The reduction is from the “N2” language in the book, which (I think) is “Can a Turing Machine M halt in t steps or less with its head on the tape in configration uσv, where u and v are strings in Σ*, and σ is the location of the head (and a symbol in the alphabet)?

The idea is that we’ll build a set of tiles whose colors are based on the number of steps the computation has done so far.  The colors are actually tuples.  So, we have several kinds of tiles:

  • For each a in Σ*, and each k from 1 to t, a tile with color (a, k+1) on the top, and (a,k) on the bottom.  This simulates a move that stays in the same state and writes the same symbol.
  • For each pair a,b in Σ*, and each state p,q in M (p can include the halt state, q can’t), a tile with the color (p,b,k+1) on the top and (q,a,k) on the bottom.  This simulates going from state p to state q and replacing an a with a b.
  • We can transition from one of the above types of tiles to another using a sideways move.  (If the head moves left or right, we move to a tile to the left or right)
  • There are special tiles for the start row and for when the machine halts.
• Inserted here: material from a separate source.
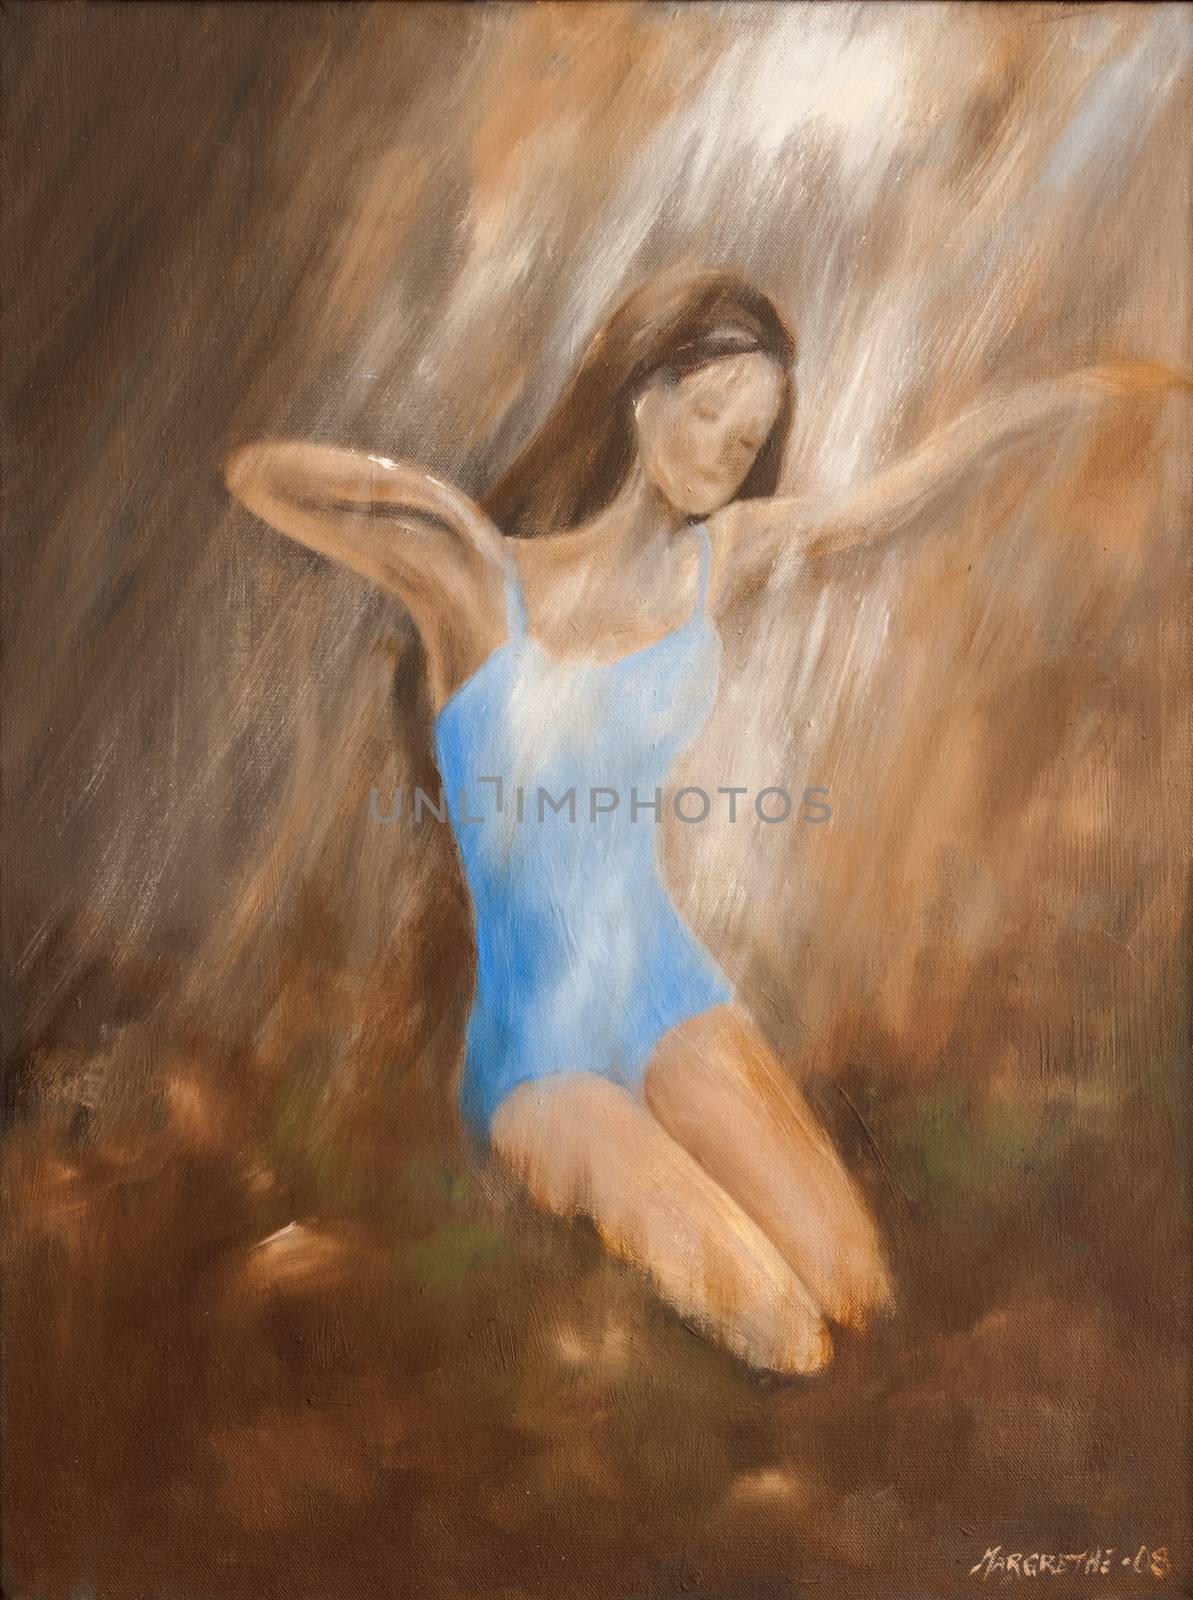 A beach scenery with a young woman in blue bathing suit sunbathing woman. A girl is stretching in the light. Oil painting on canvas. Summer landscape. Painted figurative art with oil on canvas.

We set our N (the size of the tiling grid we’re making) to t+2.  What we’ve built is a system that:

  • Has to have the tiles corresponding to one of the start states on the bottom row
  • Has in row i a tile corresponding to a configuration of the machine after i steps.  (A path of tiles from the bottom to row i show the computation needed to get to that state)
  • Has at the top row a tile corresponding to a configuration after t+1 steps.  If there is a legal tiling, one of those tiles must contain the halt state.

..which they claim is the same as the N2 langauge.

The suggested reduction in the appendix is from Hamiltonian Path, and I spent some time thinking about how to make that work, but couldn’t do it.  Do you make tiles correspond to vertices? Do you make colors correspond to vertices?  How do you account for the fact that you can go in two dimensions?  How do you account for the fact that you don’t know the order in which you visit the tiles?  I think it might be similar to this way of thinking about configurations.

Difficulty: 9 because it’s such a non-standard way of doing things.  I bet the Hamiltonian Path reduction is a lot easier.